1269 Cilicia earthquake
- Local date: 14 May 1269
- Local time: First hour of the night
- Magnitude: M_{w} 7.22±0.46
- Epicenter: 36°56′10″N 36°15′54″E﻿ / ﻿36.936°N 36.265°E
- Areas affected: Armenian Kingdom of Cilicia, Ilkhanate, Principality of Antioch (Modern Turkey, Northwest Syria)
- Max. intensity: MMI VIII (Severe)
- Casualties: 8,000 or over 60,000 dead (est.)

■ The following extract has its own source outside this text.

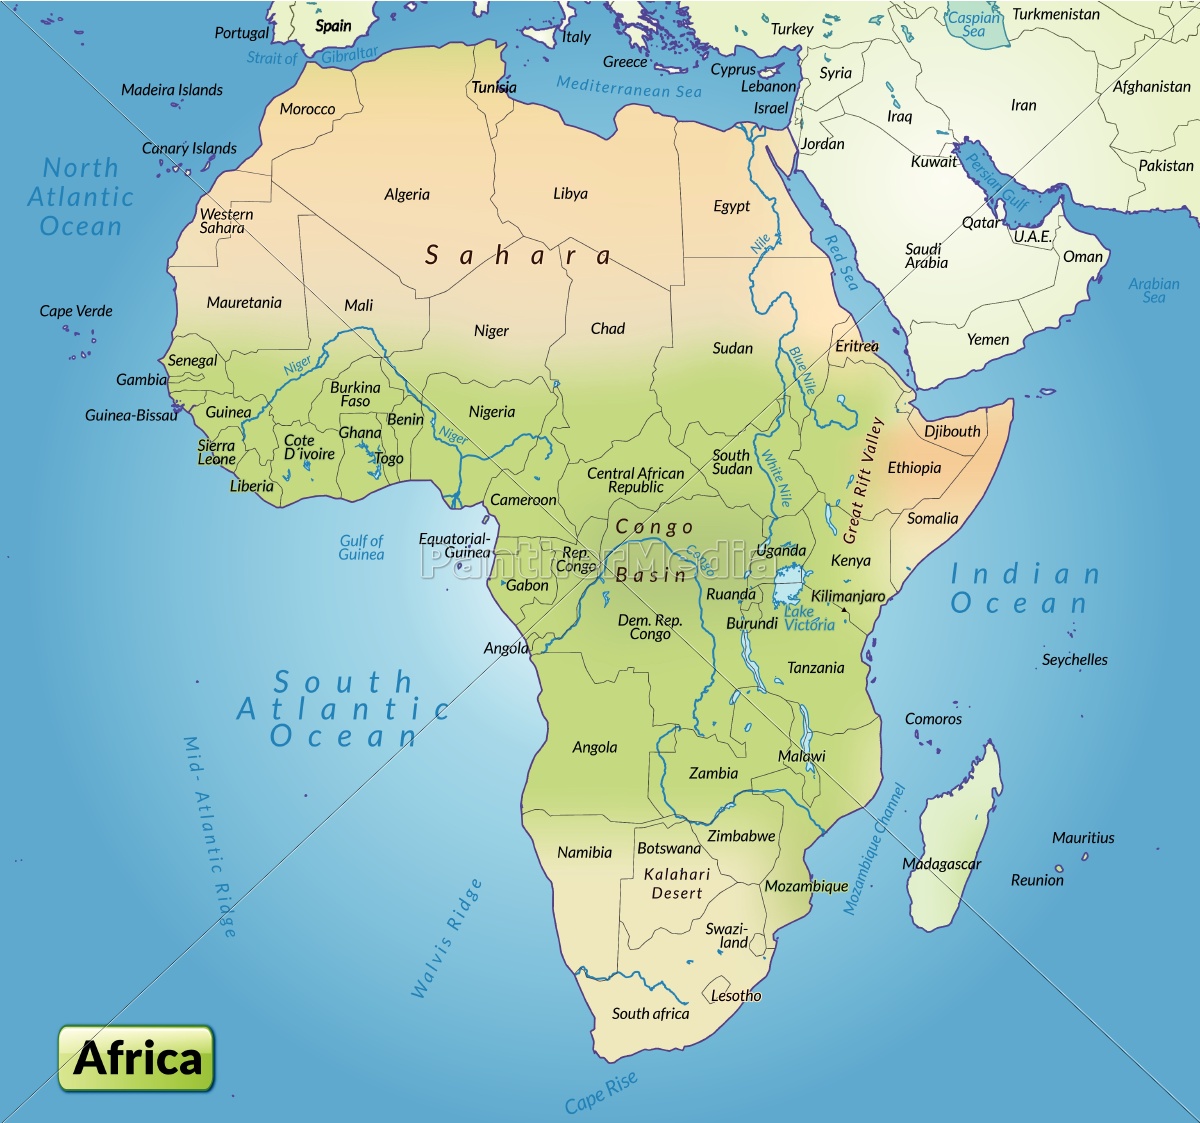 Karte von Afrika als Übersichtskarte - Lizenzfreies Bild - #10655039
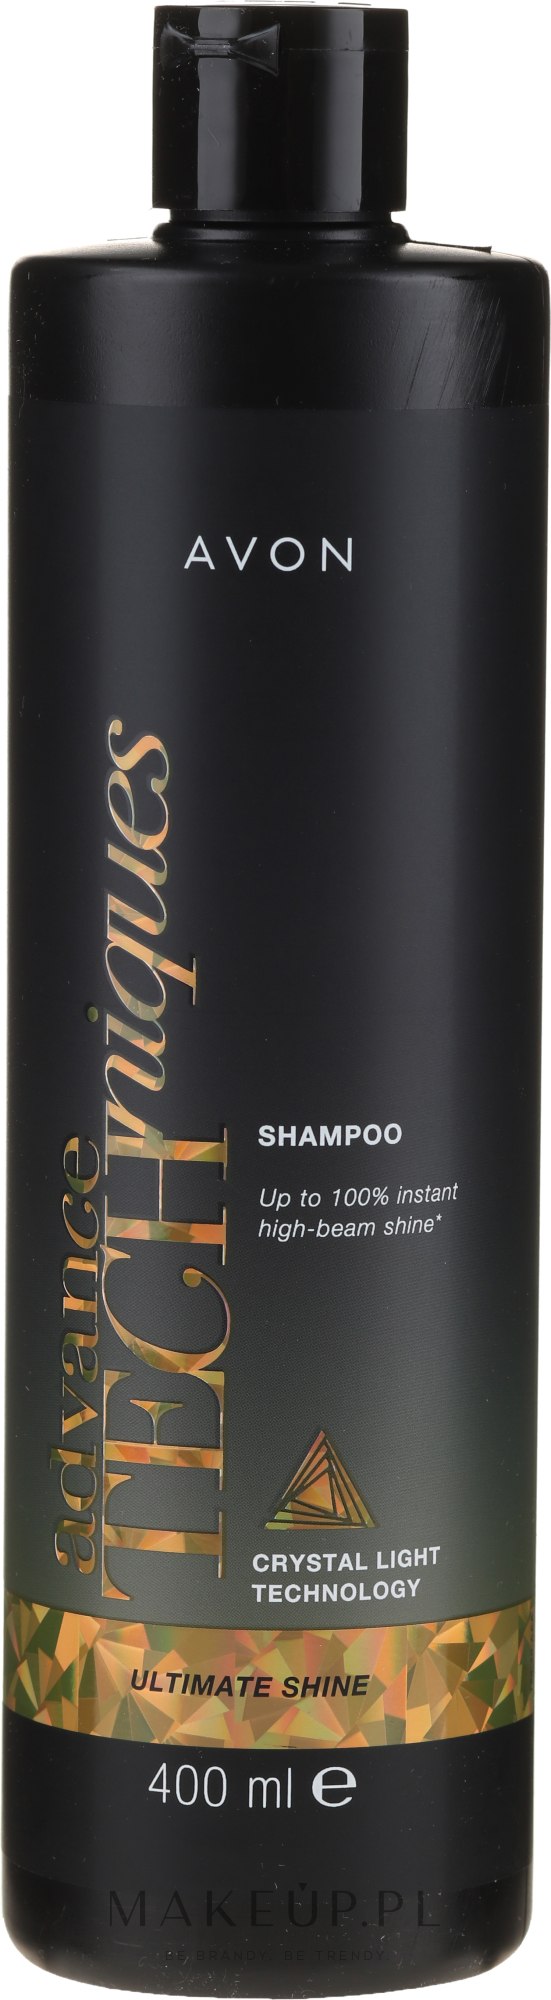 avon techniques szampon

= 1269 Cilicia earthquake =

Earthquake in Turkey

An earthquake occurred northeast of the city of Adana in the Armenian Kingdom of Cilicia (modern day Turkey) on 14 May 1269 at "the first hour of the night". Most sources give a death toll of 8,000 in the Armenian Kingdom of Cilicia in southern Asia Minor, but a figure of 60,000 dead was reported by Robert Mallet in 1853 and repeated in many later catalogues.

==Tectonic setting==
The area occupied by the Armenian Kingdom of Cilicia lies close to the boundaries between three tectonic plates, the Arabian plate, the African plate and the Anatolian plate. The movement between these plates is taken up by large fault zones, particularly the Dead Sea Transform and the East Anatolian Fault. At its southwestern end, the East Anatolian Fault (EAF) splits into two main branches, both of which link through to the Cyprus Arc. The northern branch of the EAF itself branches into several segments, some of which, such as the Toprakkale Fault and Düziçi–İskenderun Fault Zone, cross the Çukurova Plain, close to the foot of the Nur Mountains.

==Earthquake==
The Kandilli Observatory estimated the moment magnitude at 7.22 ± 0.46. They placed the epicenter about 10 km south of Osmaniye. In the CFTI5MED Catalogue of strong earthquakes in Italy and in the Mediterranean area, the Istituto Nazionale di Geofisica e Vulcanologia (INGV) give a similar location for the epicenter but give a lower estimate for the magnitude of 6.4 (a magnitude derived from seismic intensity, intended to be equivalent to ).

==Damage==
Several contemporary sources report that the fortress of Sarvandikar was destroyed, killing those inside. Several castles were also ruined, including those at Delnk'ar, Hamus, Harunye and Hagar Suglan. The monastery of Ark'akalin (thought to be located near Sis) was severely damaged, leading to the deaths of priests and monks. Many villages were destroyed across Cilicia, particularly those at the foot of the Nur Mountains. About 8,000 people were said to have died.